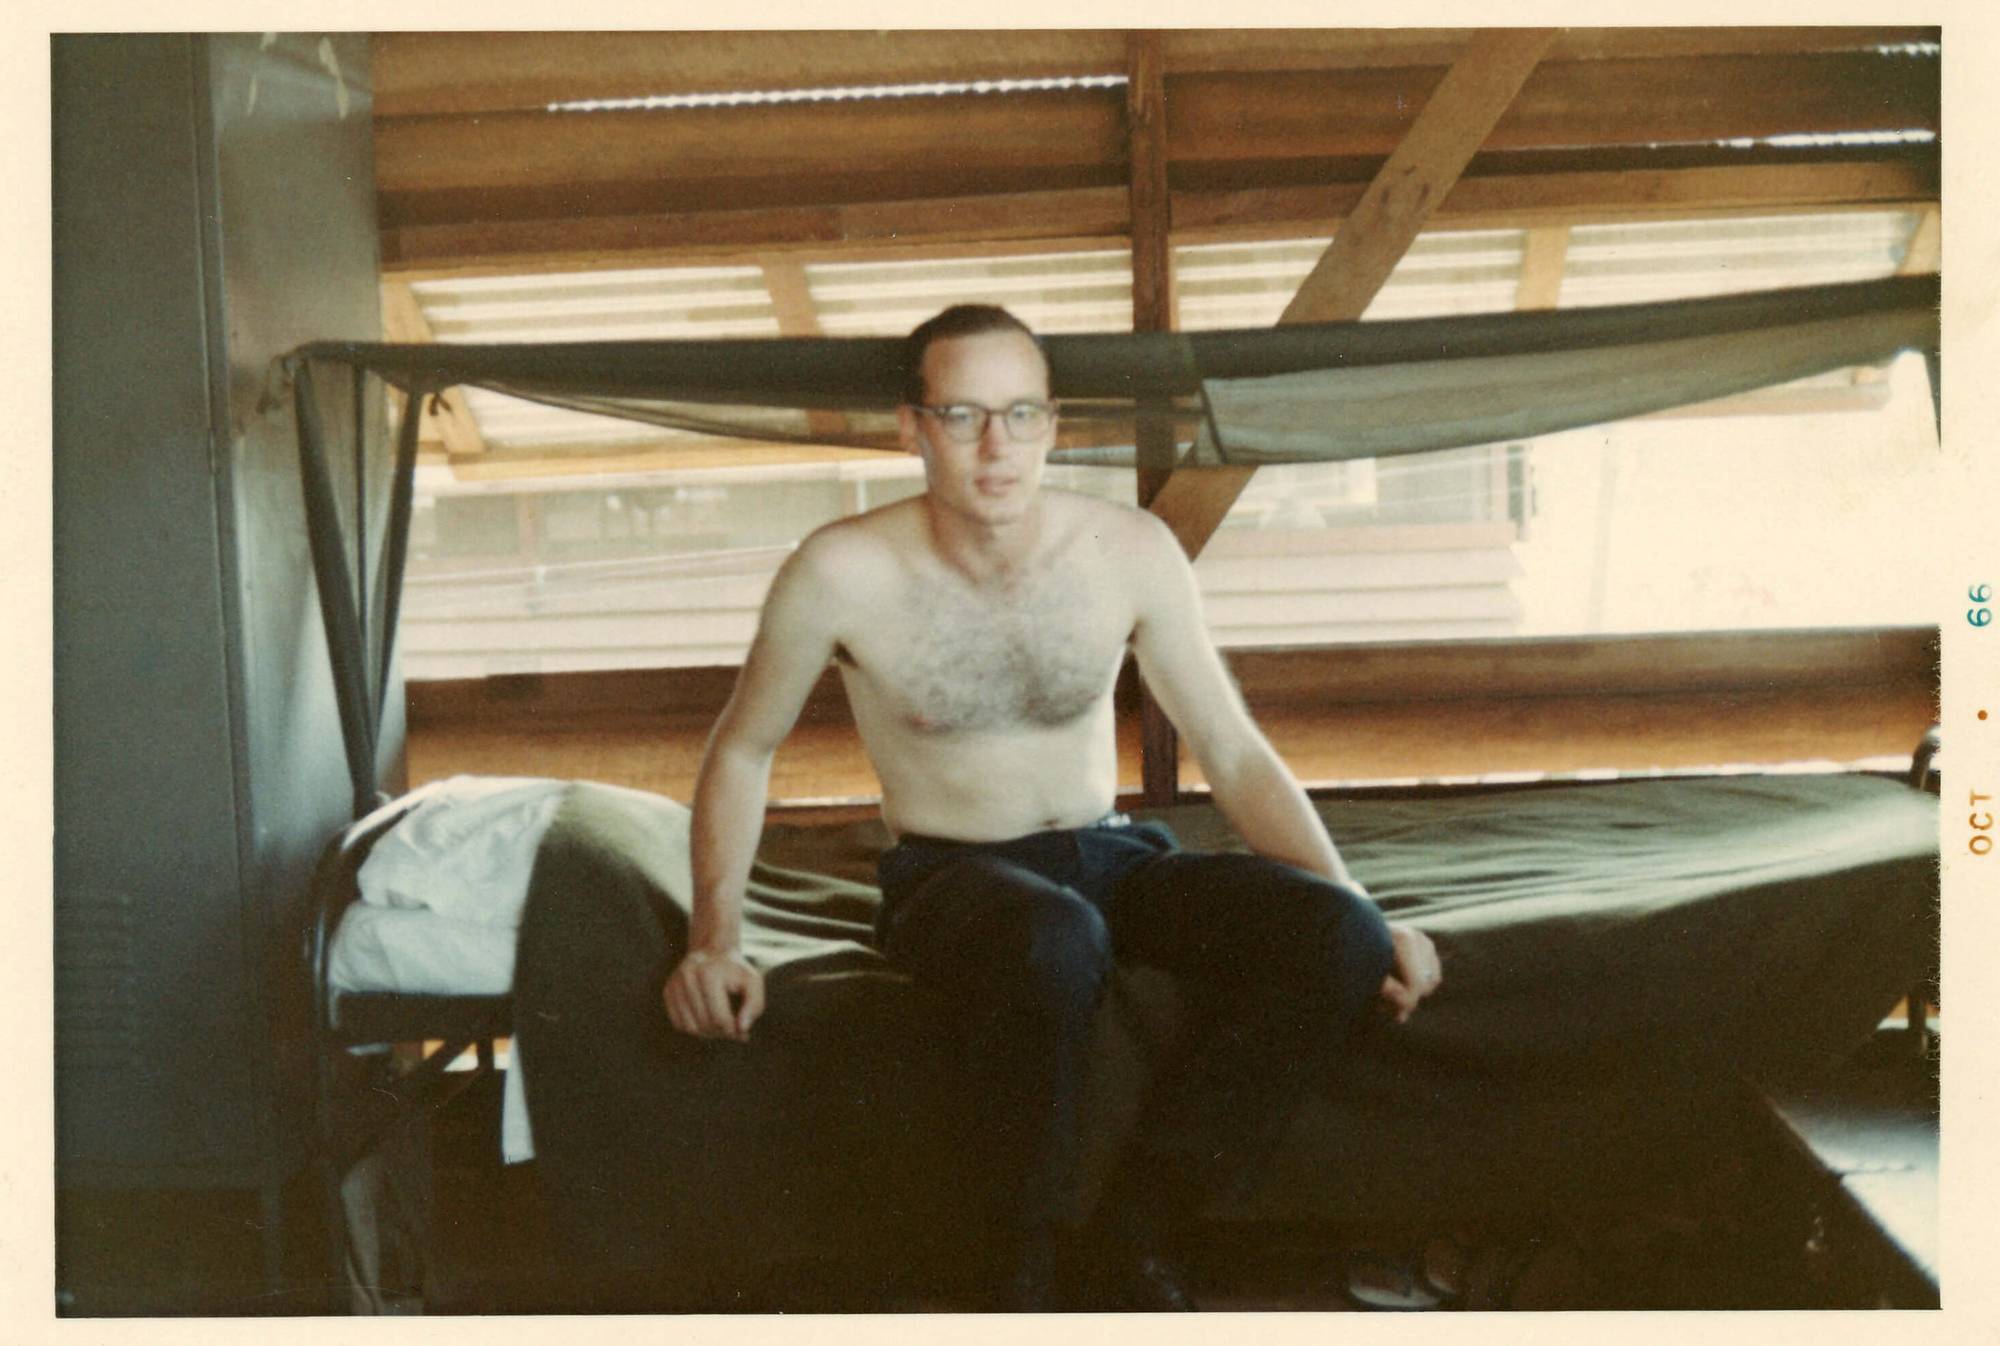 A shirtless young man wearing glasses, sitting on his bunk. Margins indicate photo is from October 1966.
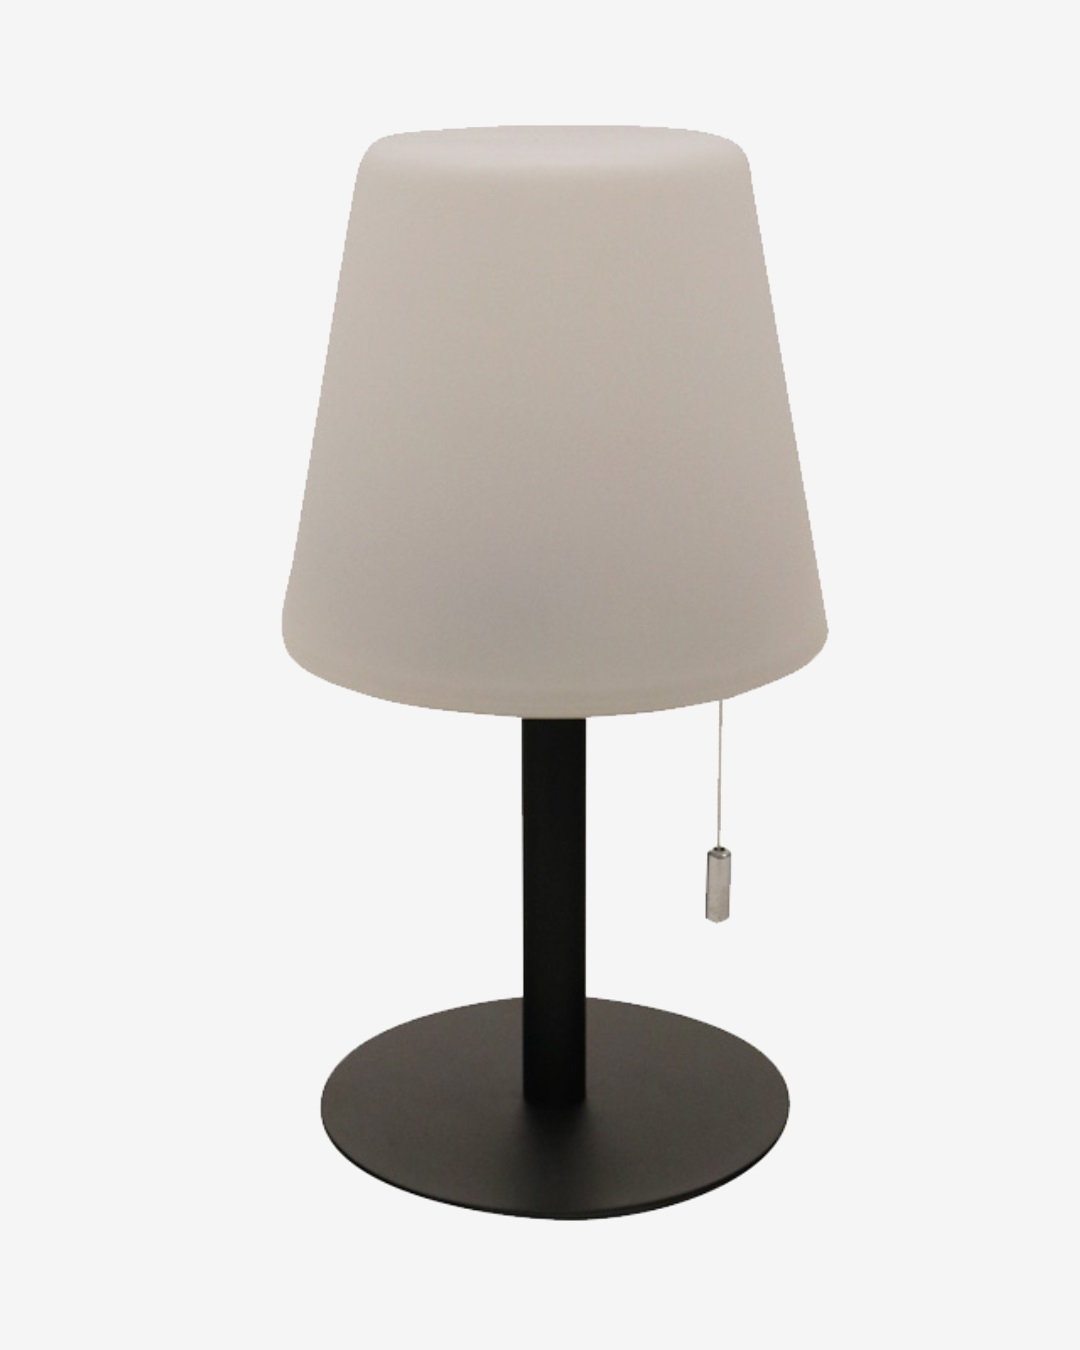 Table lamp with white shade and black base
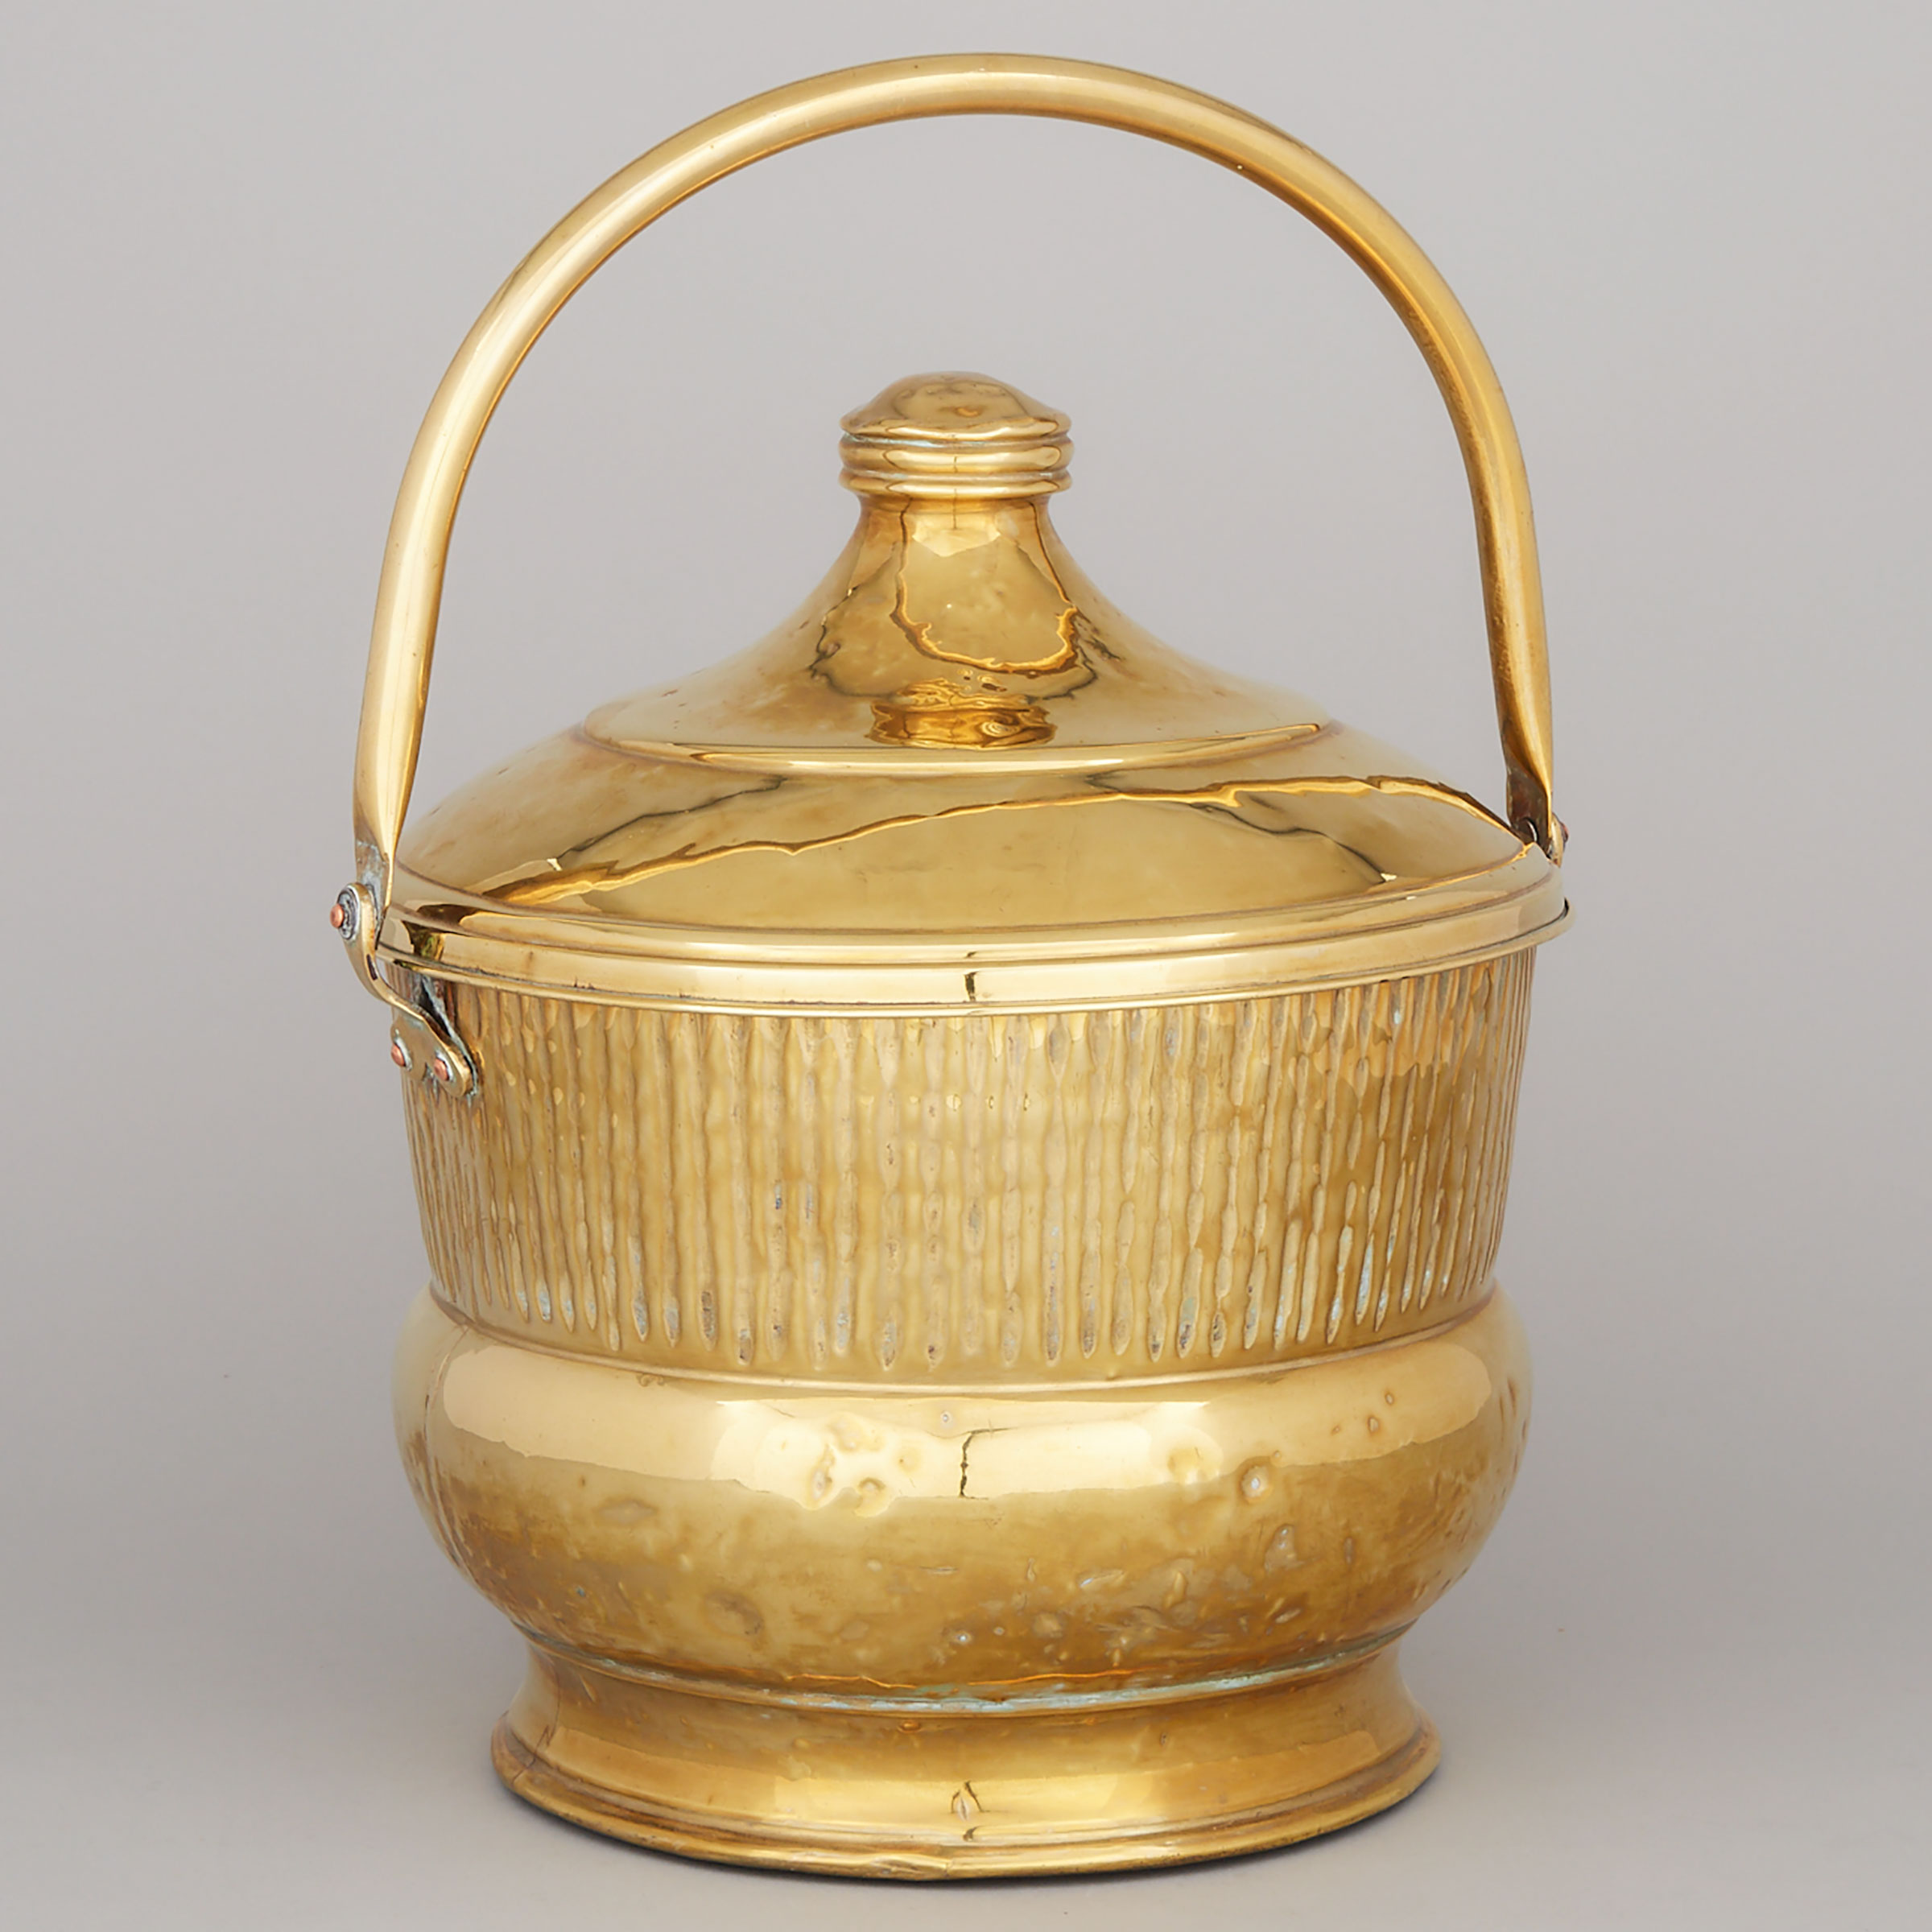 Victorian Brass Covered Pot, 19th century

[ASSIGNMENT]: Transcribe every line of the listing above exactly; skip the pictures.

[RESULT OF THE TASK]:
 A shirtless young man wearing glasses, sitting on his bunk. Margins indicate photo is from October 1966.
 Table lamp with white shade and black base
 Victorian Brass Covered Pot, 19th century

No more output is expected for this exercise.